Multi-generational poverty existed all over the globe prior to government provided social services. Why alcoholism is so high among Native Americans is an interesting question – a question for which I have yet to see a definitive answer.
This is a classic left/right issue. My belief is that as imperfect as welfare services are (certainly as they currently exist in this country), in the end, they are justified. Our efforts have not ended poverty, but from the long-term and comprehensive analyses I’ve seen, initiatives such as the Great Society have brought, in balance, positive returns on the dollars spent. Look at poverty rates when the Great Society began and compare them to poverty rates after the Great Society progressed. Look at poverty rates among the elderly before The New Deal and compare them to poverty rates among the elderly now. Calculate how many people those rates represent over decades. Considere numbers of people who trained in invaluable job skills, and the amount of food distributed, at the amount of vital infrastructure built through programs like the WPA. I don’t pretend to know all the right answers either, but I do know some of the wrong ones, and one of the wrong ones is a facile and categorical determination that social services make problems like poverty and alcoholism worse.
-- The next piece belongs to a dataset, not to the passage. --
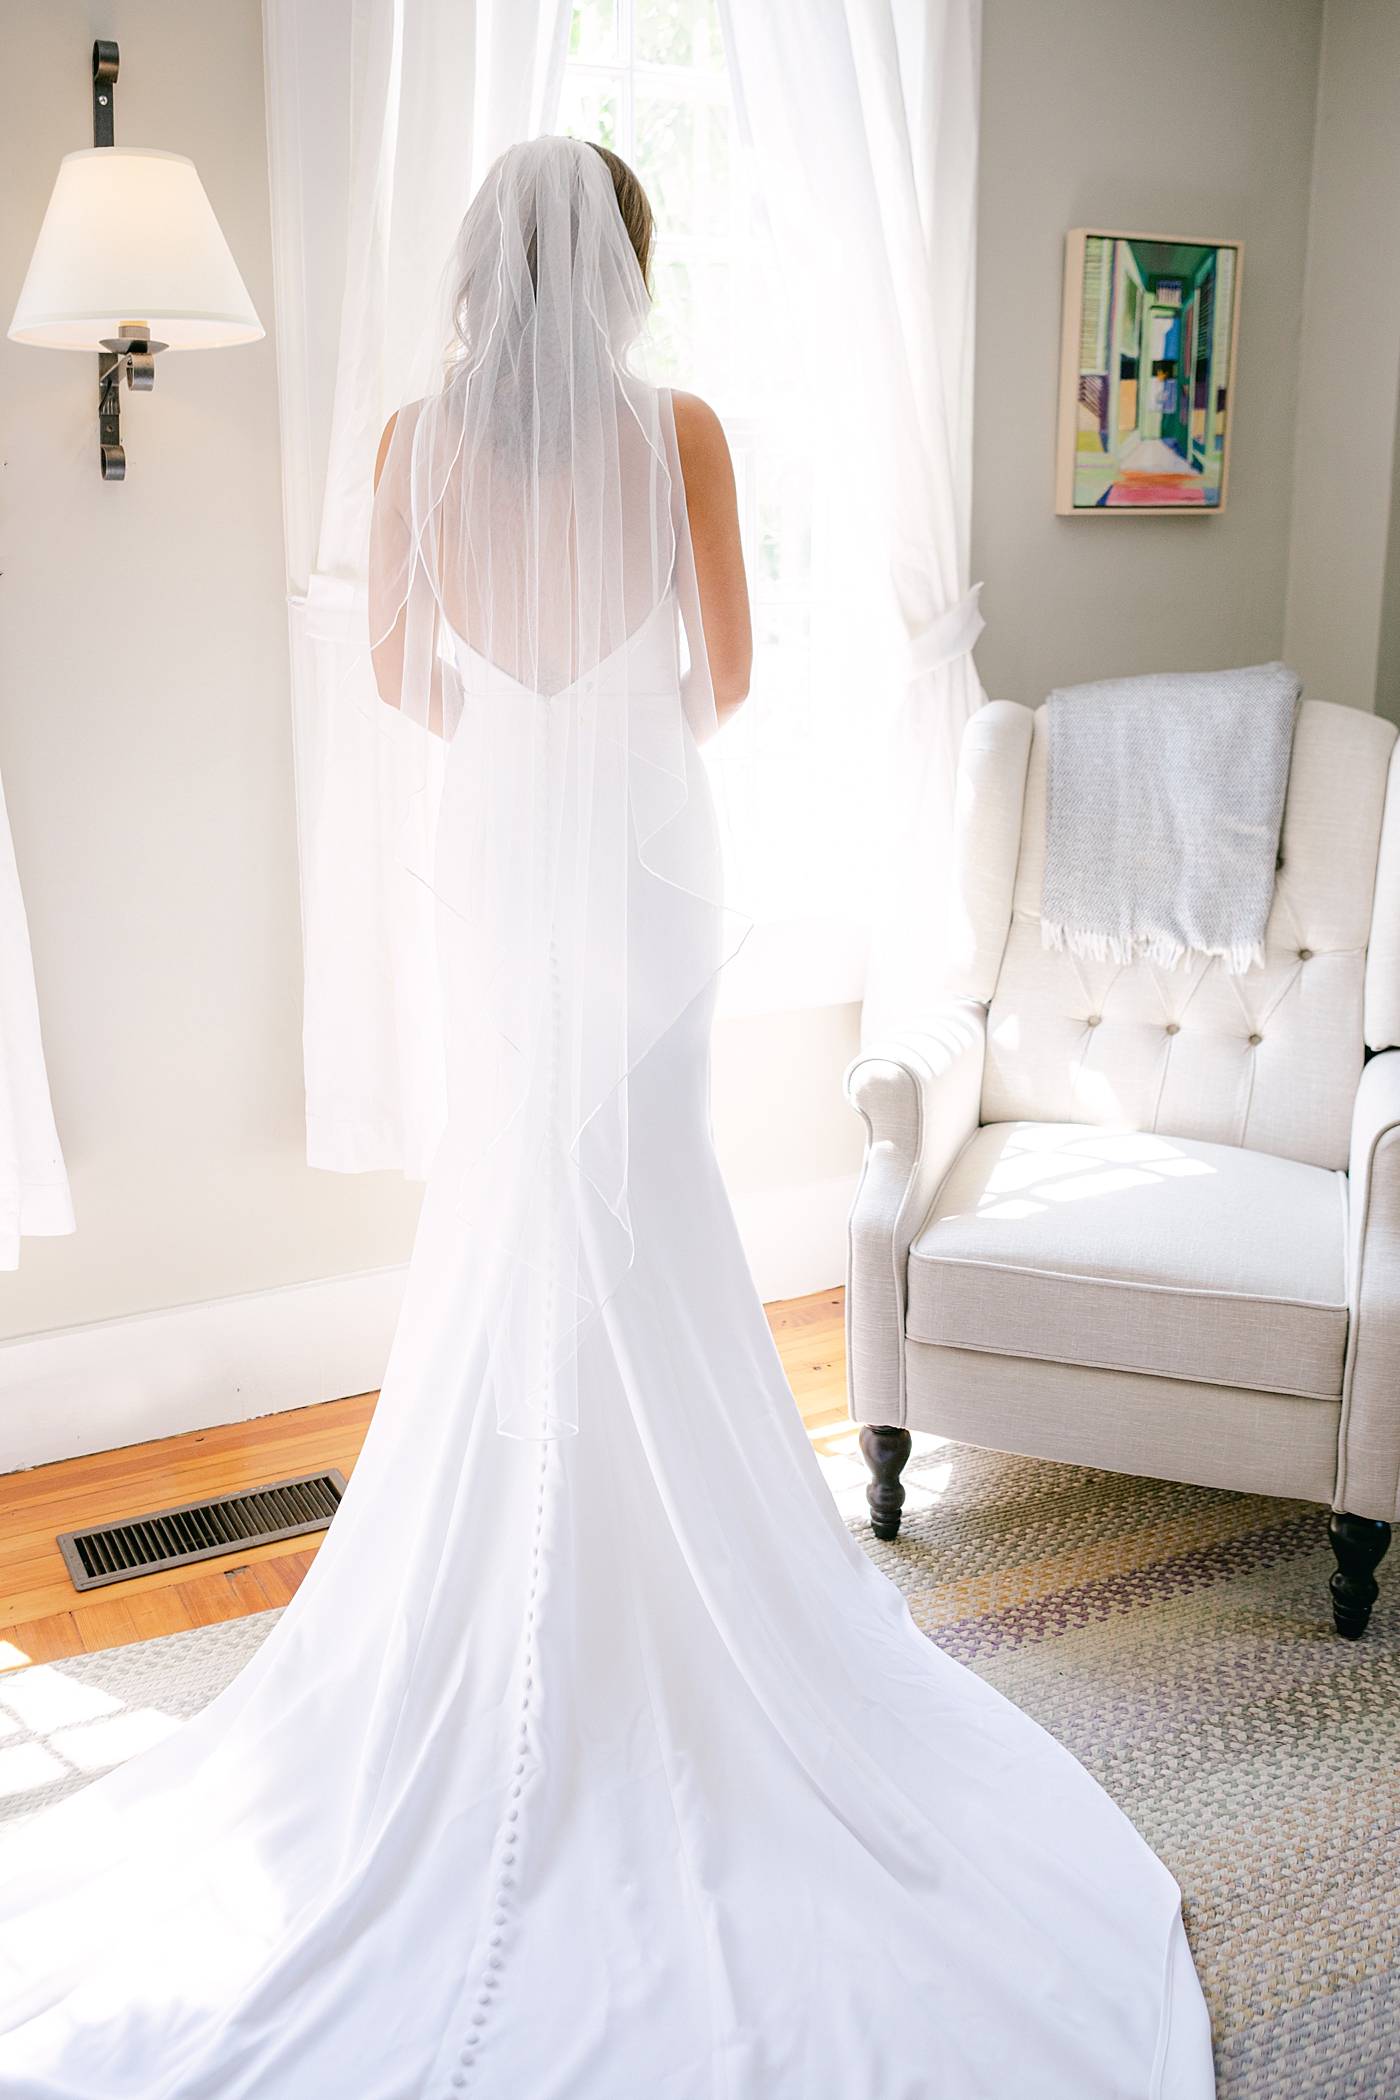 Bride standing near a window | Image by Hope Helmuth Photography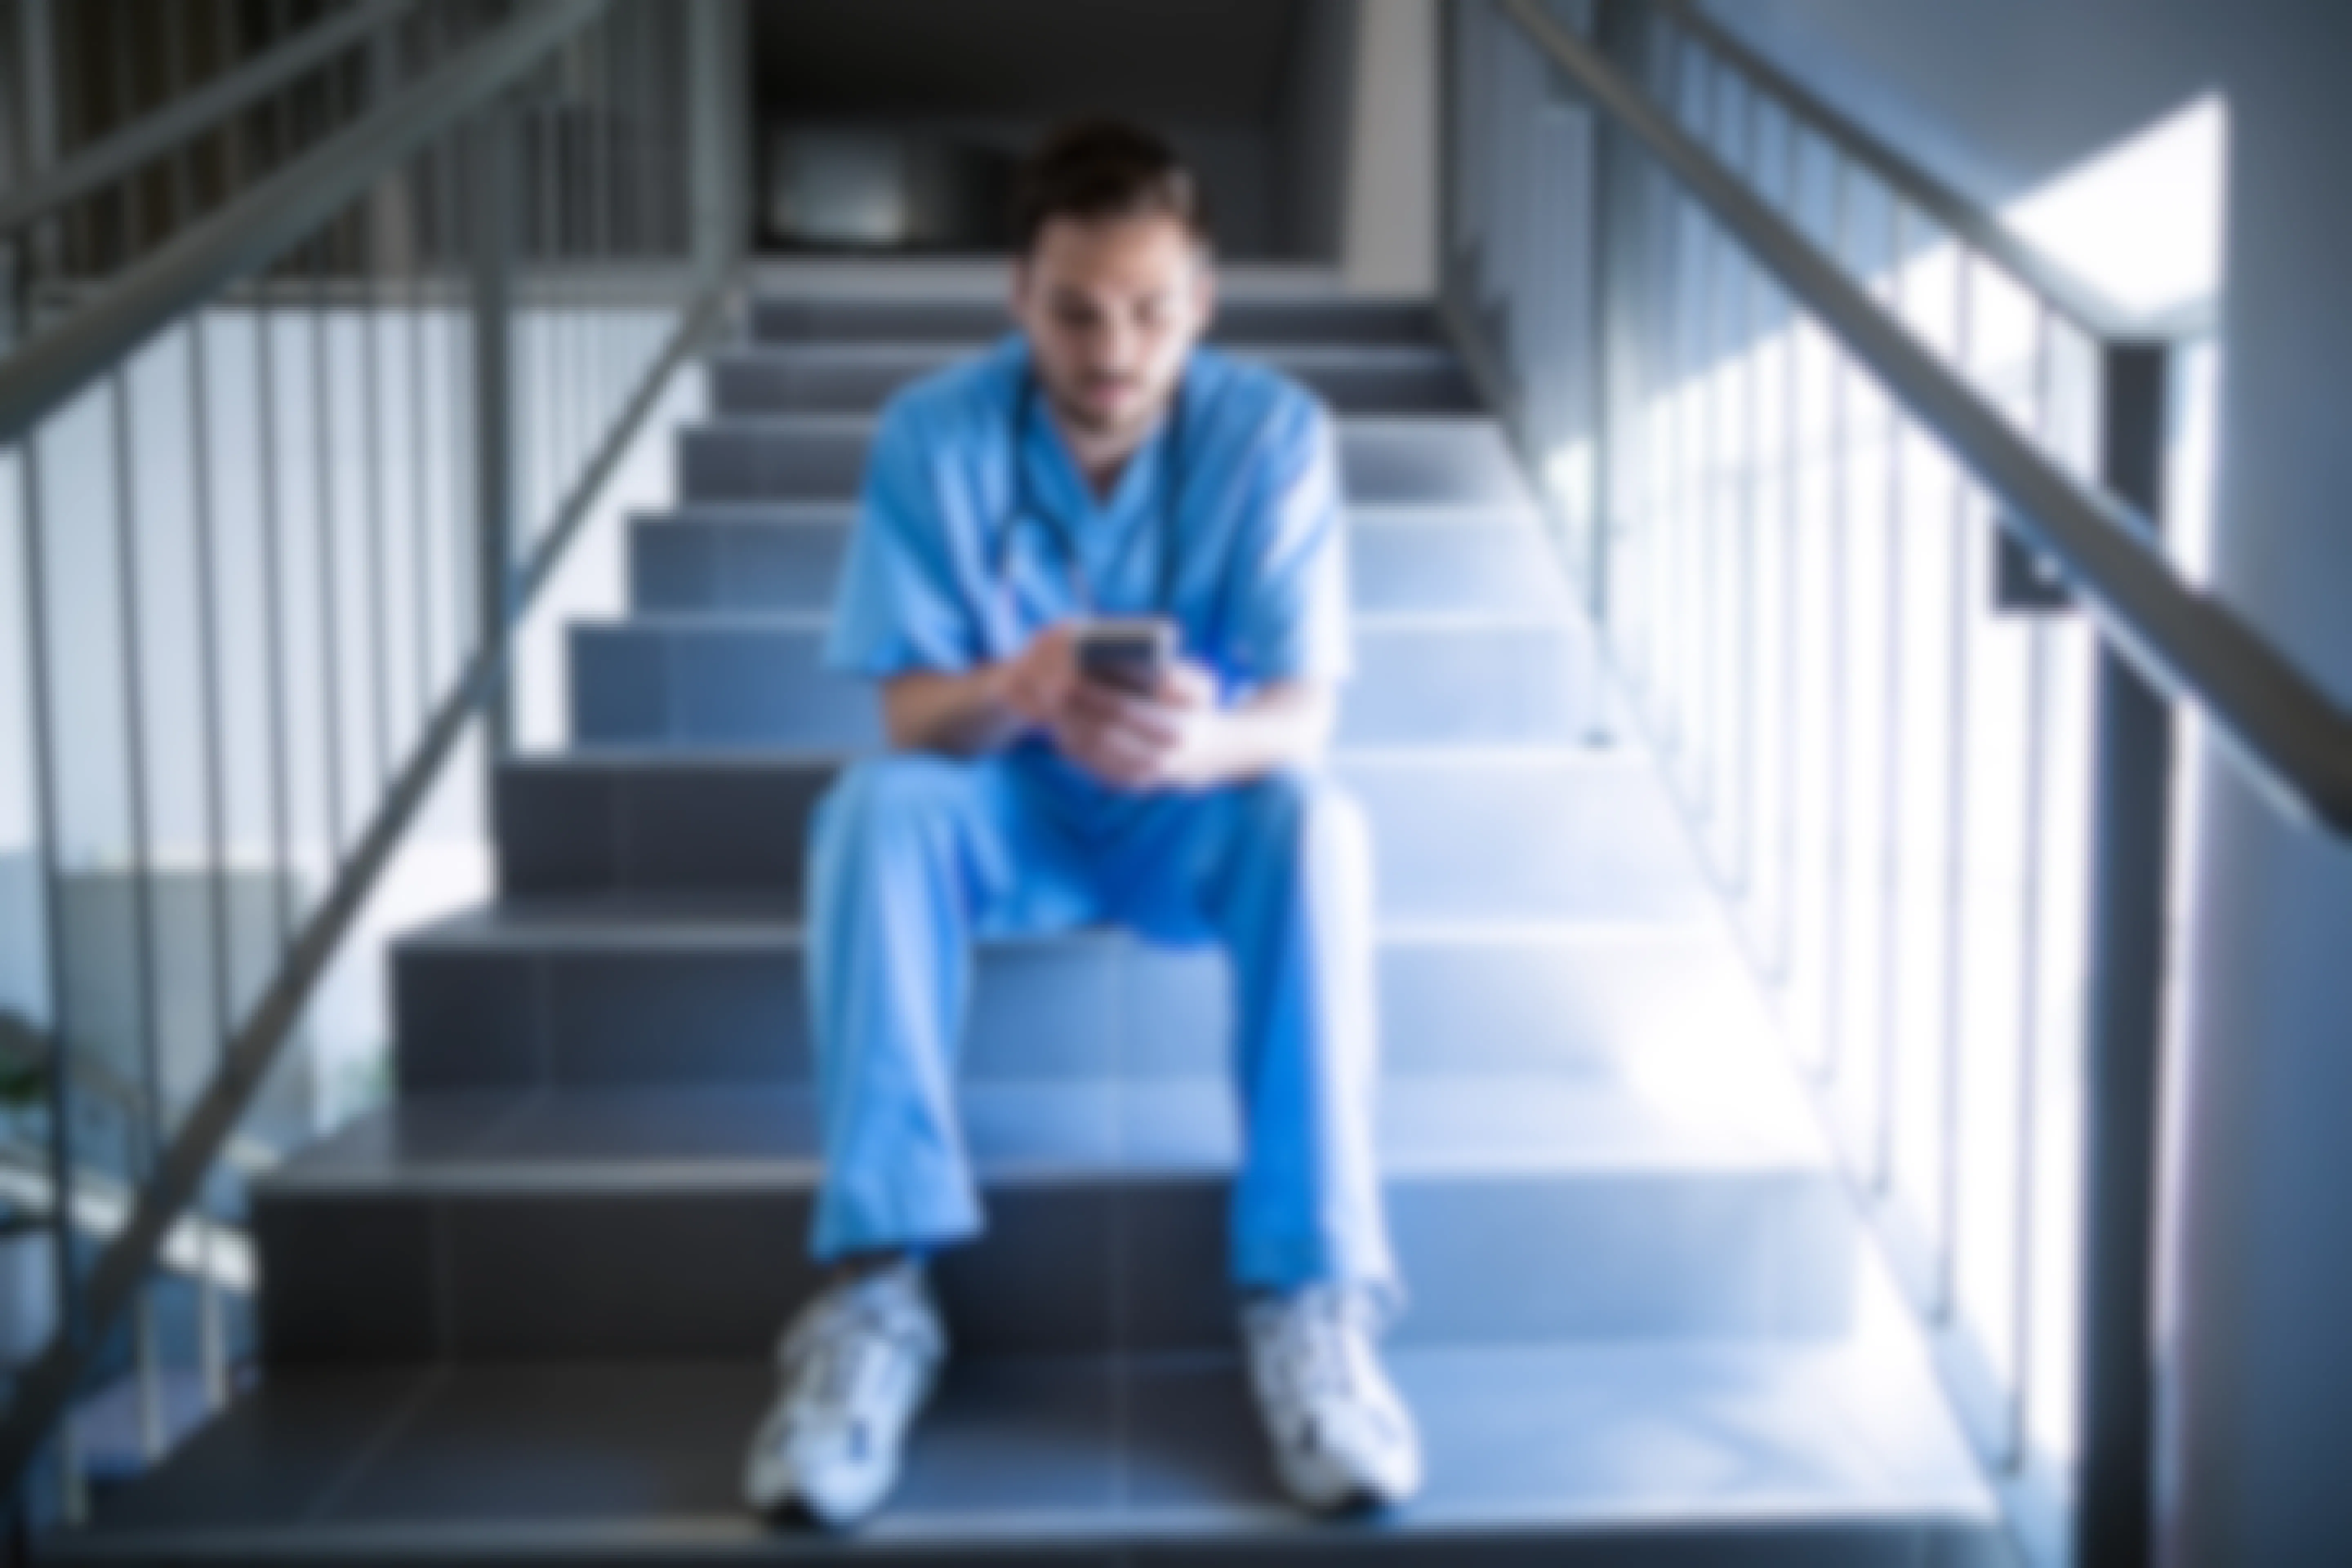 Male Nurse on mobile phone while sitting on stairs

Yes – it would be better to weed people out, to evaluate the provision of services on a case-by-case basis. My points are that: (1) I doubt the logistical viability of providing services purely on a case-by-case basis, (2) in counter-balance to the inefficiencies or redundancies or misappropriation of services resulting from an approach that targets groups are the efficiencies that would result from targeting groups – such as building services that target alcoholism in Native American communities, and (3) if you simply deny funding to social services because of inefficiencies as compared to idealized administration of revenues you will simply reduce the number of people who receive services and wind up catching people who legitimately benefit from services in your net. To me, the inevitable inefficiencies that occur in how social services are currently provided are an unfortunate but worthwhile cost of providing services to those who are in need. This is especially true when you compare the costs involved to those associated with the kinds of mis-allocated tax revenues that are provided on another scale entirely to programs as I mentioned above (arms manufacturers, ill-founded military initiatives, etc.). The perfect can be the enemy of the good. There is no such thing as a perfectly administrated system when you’re dealing with so many people and such a complex problem. By all means, advocate for improved efficiencies – but to focus on kvetching about tax revenues going to a population as devastated by poverty as the Native American community makes little sense to me.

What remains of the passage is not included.